Data to use:

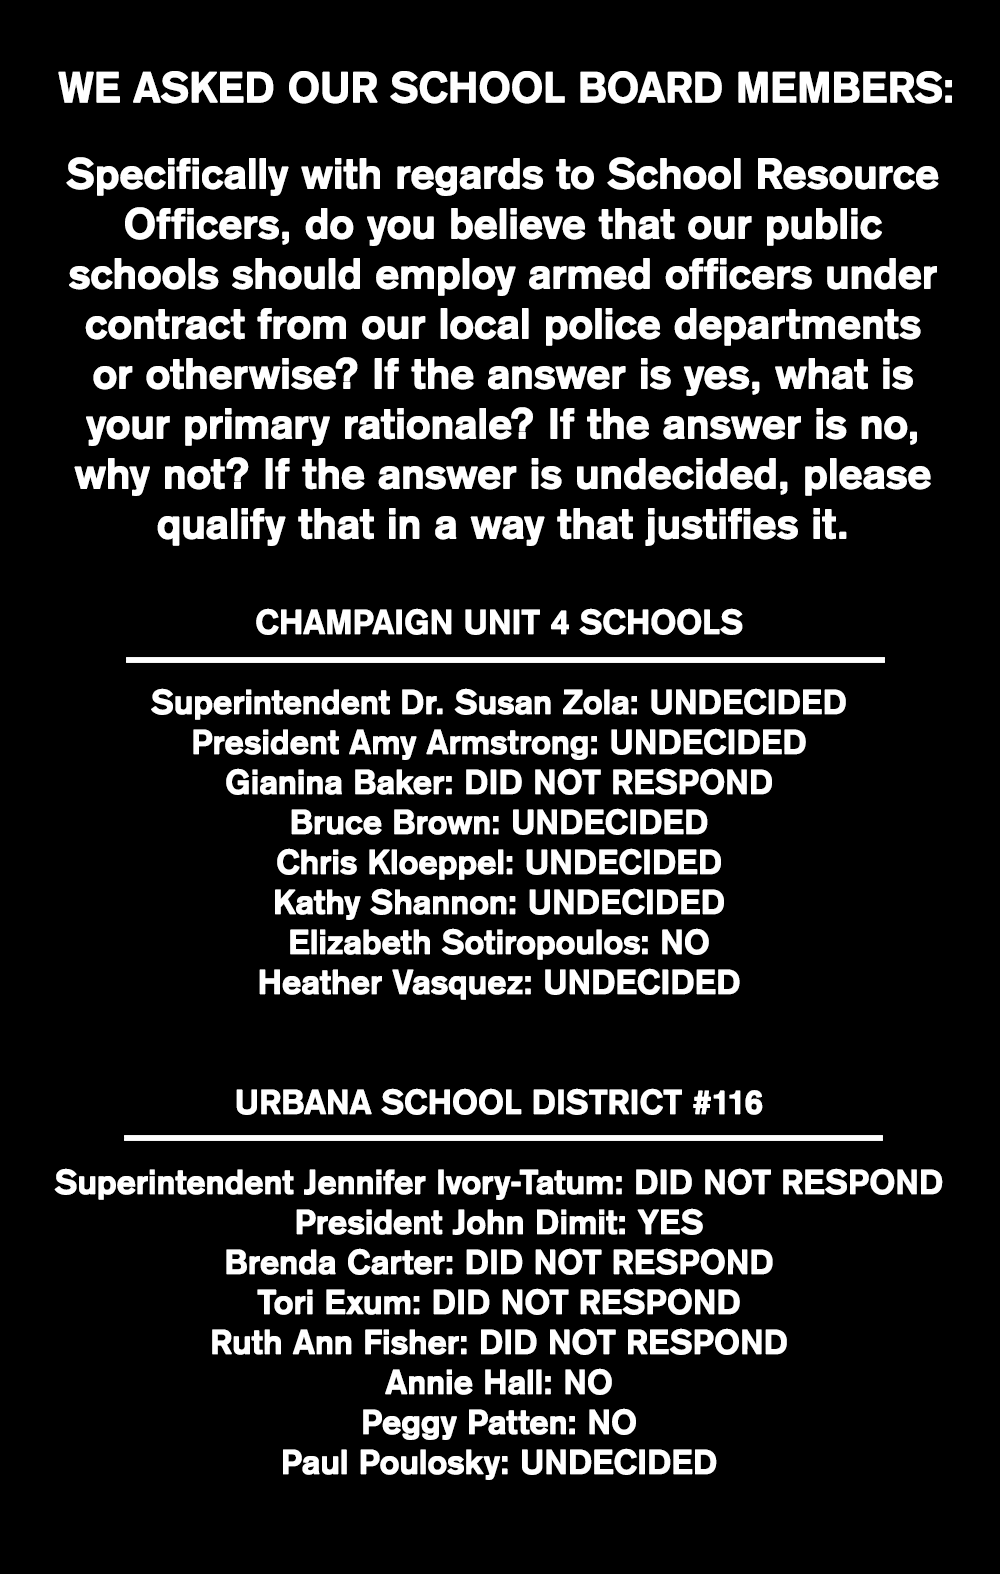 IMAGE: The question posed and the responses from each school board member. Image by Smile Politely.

---

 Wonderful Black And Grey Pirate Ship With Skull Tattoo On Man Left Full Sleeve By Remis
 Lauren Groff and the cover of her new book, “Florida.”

* * *

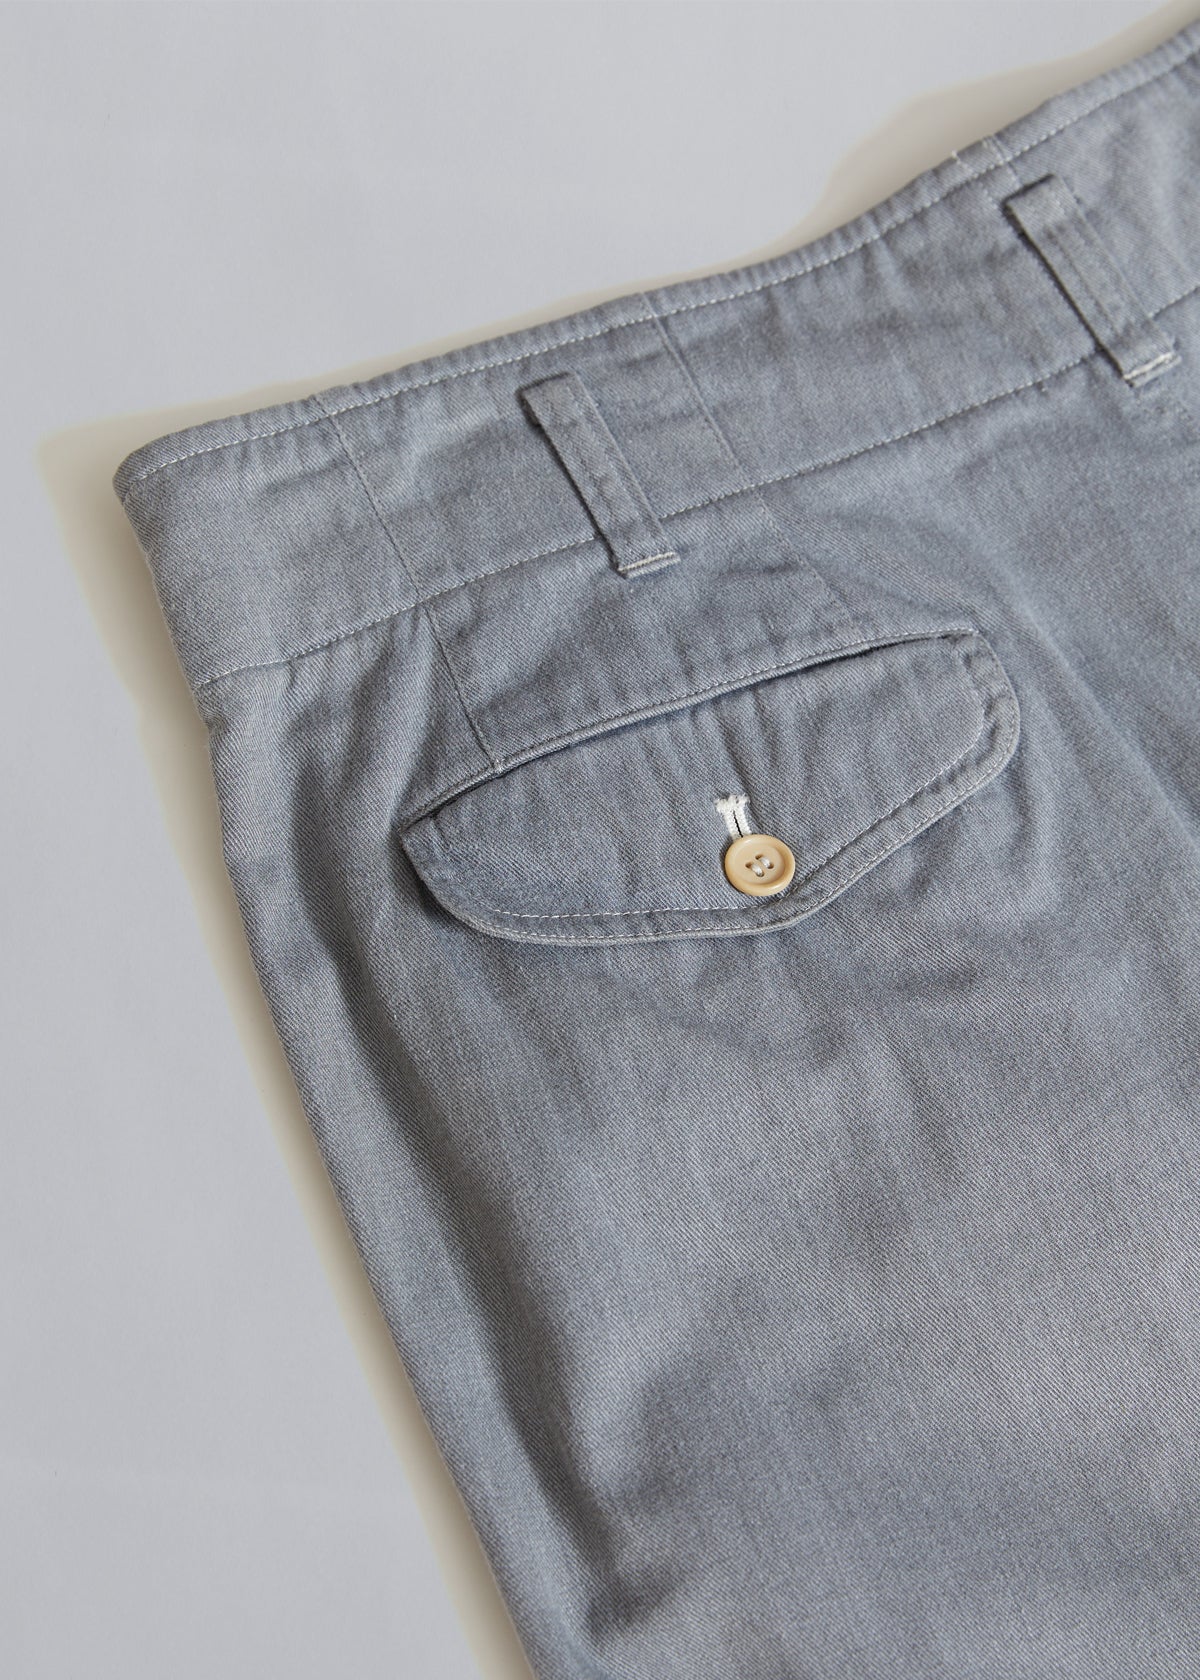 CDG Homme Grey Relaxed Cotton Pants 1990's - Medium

Task directions: All that belongs in your answer is the stretch of entries above from the line with "Wonderful Black And" through the line with "Lauren Groff and", printed exactly.

Written response:
 Wonderful Black And Grey Pirate Ship With Skull Tattoo On Man Left Full Sleeve By Remis
 Lauren Groff and the cover of her new book, “Florida.”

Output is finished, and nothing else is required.